Admittedly, it took me a very long time (a year, in fact) to get myself ready to rewatch Eyes Wide Shut. The idea of giving my thoughts on a Stanley Kubrick film when people have already said so much about them was daunting, but it becomes even more daunting when it's his final film -- and one that people absolutely adore to theorize about. Eyes Wide Shut is a peculiar film indeed, one full of motifs and symbolism that can be interpreted in a myriad of ways. So I'll take a swing at it, too.

 
 
At the most surface level interpretation, this is a movie about sex and marriage. Bill Hartford, Tom Cruise's character, becomes consumed with the realization that his wife, Alice, played by Nicole Kidman, has fantasized about having sex with other men. Over the next two and a half hours, Bill meanders through the streets of New York, continuously running into chances to have an affair, but ultimately resisting every time.

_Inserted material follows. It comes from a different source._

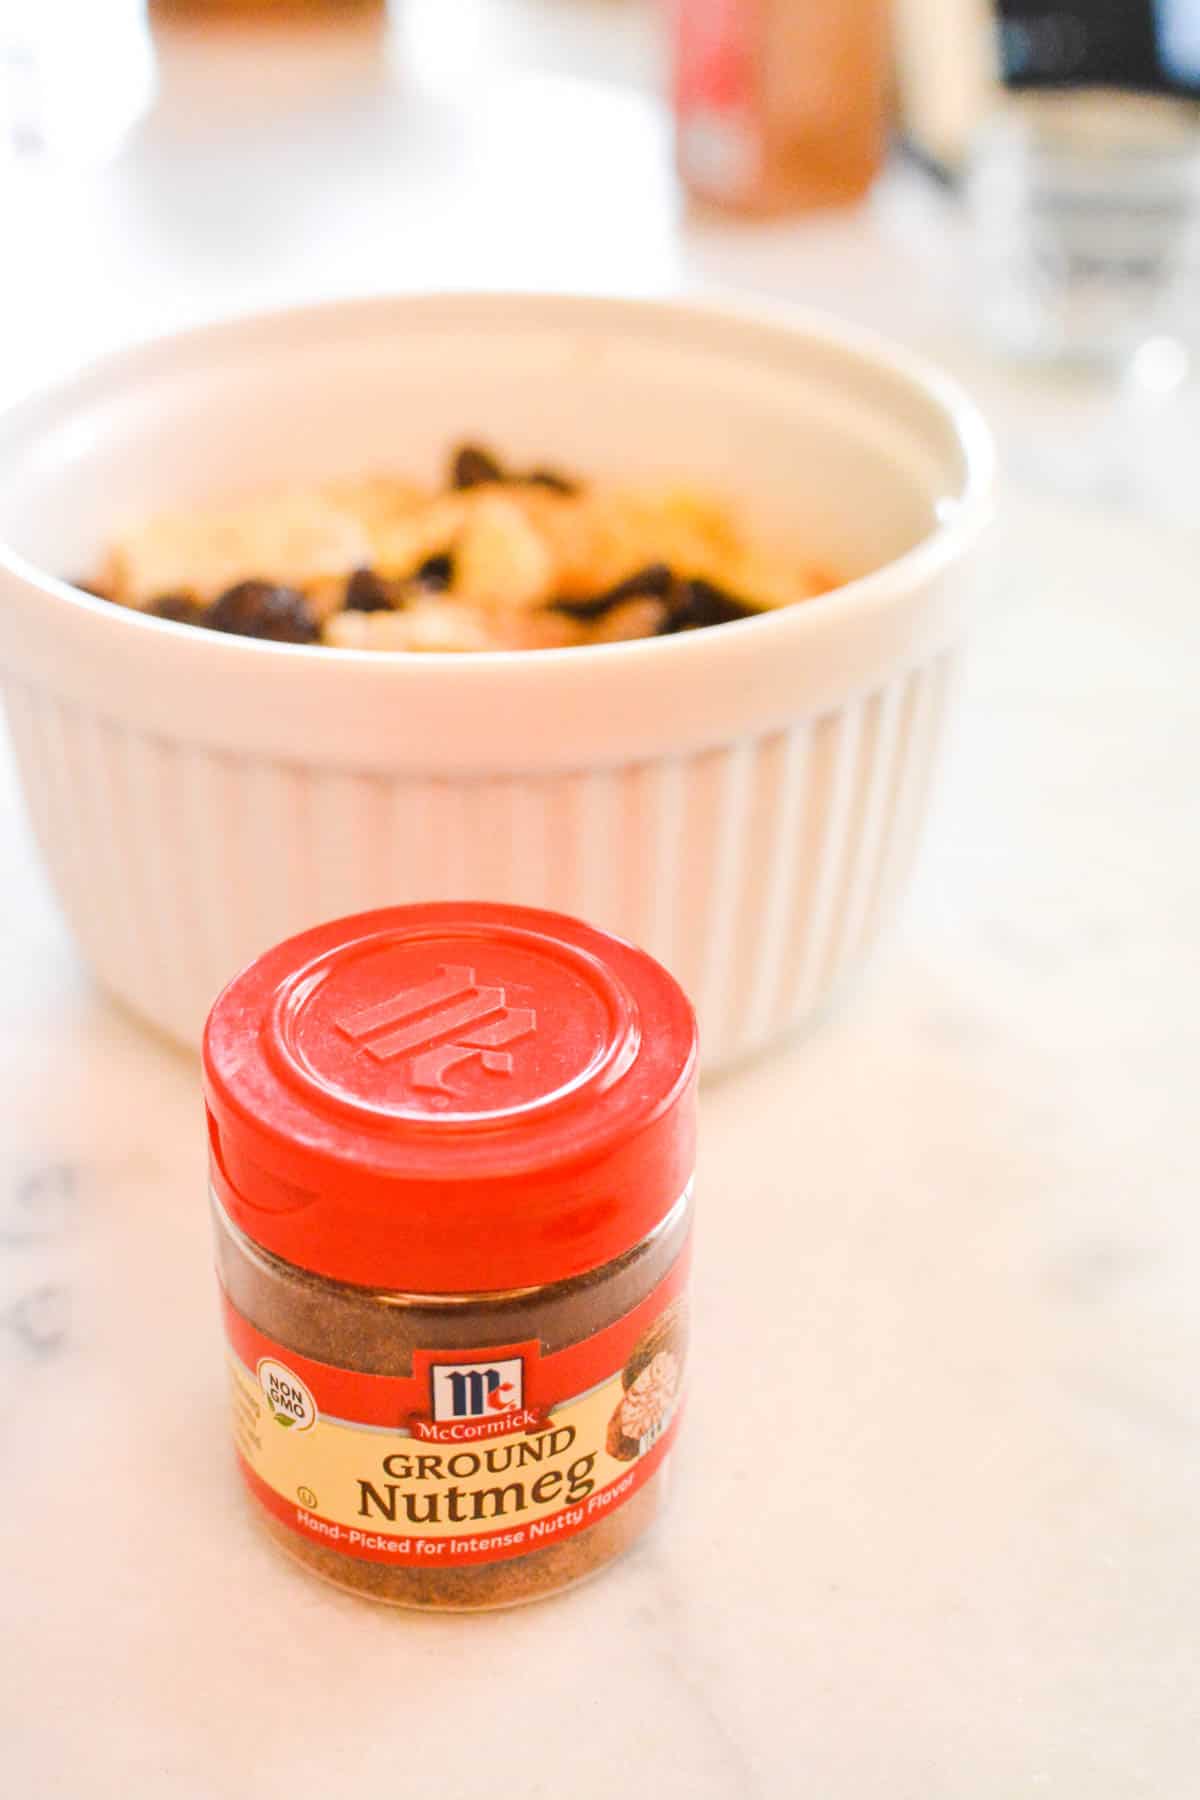 A white ramekin with a small container of nutmeg in front of it.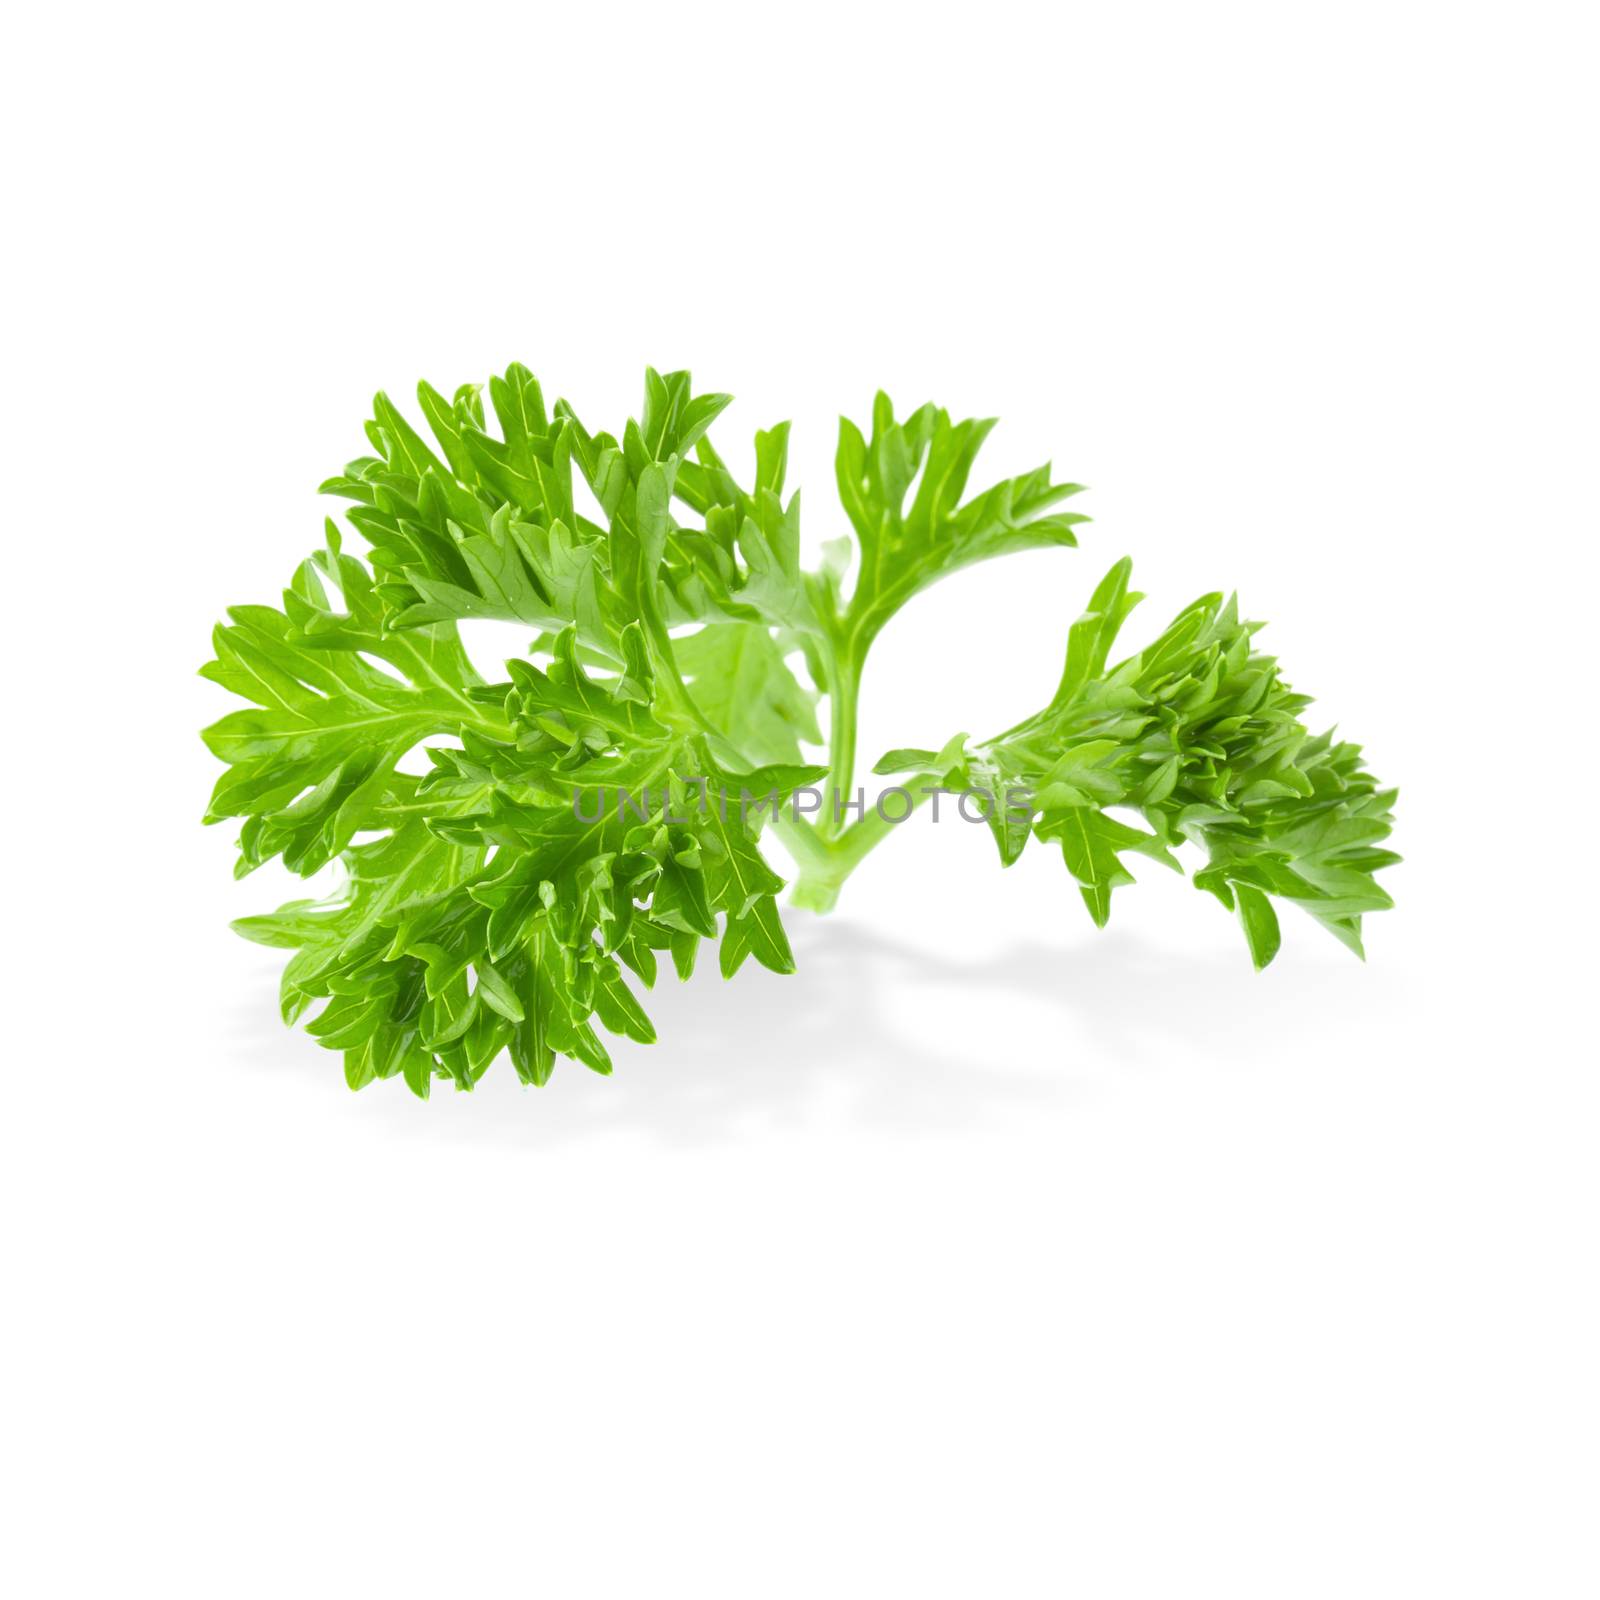 Fresh branch of green parsley natural food isolated on white bac by kaiskynet

However, this film is particularly infamous for one scene in particular, and that would be the scene where Bill travels to a mansion where masked party-goers have a ritualistic orgy. This orgy is what spawned theories of this movie being one about the occult and secret societies, and that it was so powerful that it resulted in Kubrick's death before it was even released. However, if that were the case, one would think that organizations powerful enough to view this film before release and then kill Kubrick would also be able to prevent this movie from coming out. Plenty of films are canned or shelved before release, and Eyes Wide Shut, with his record long filming time, would have been an understandable victim.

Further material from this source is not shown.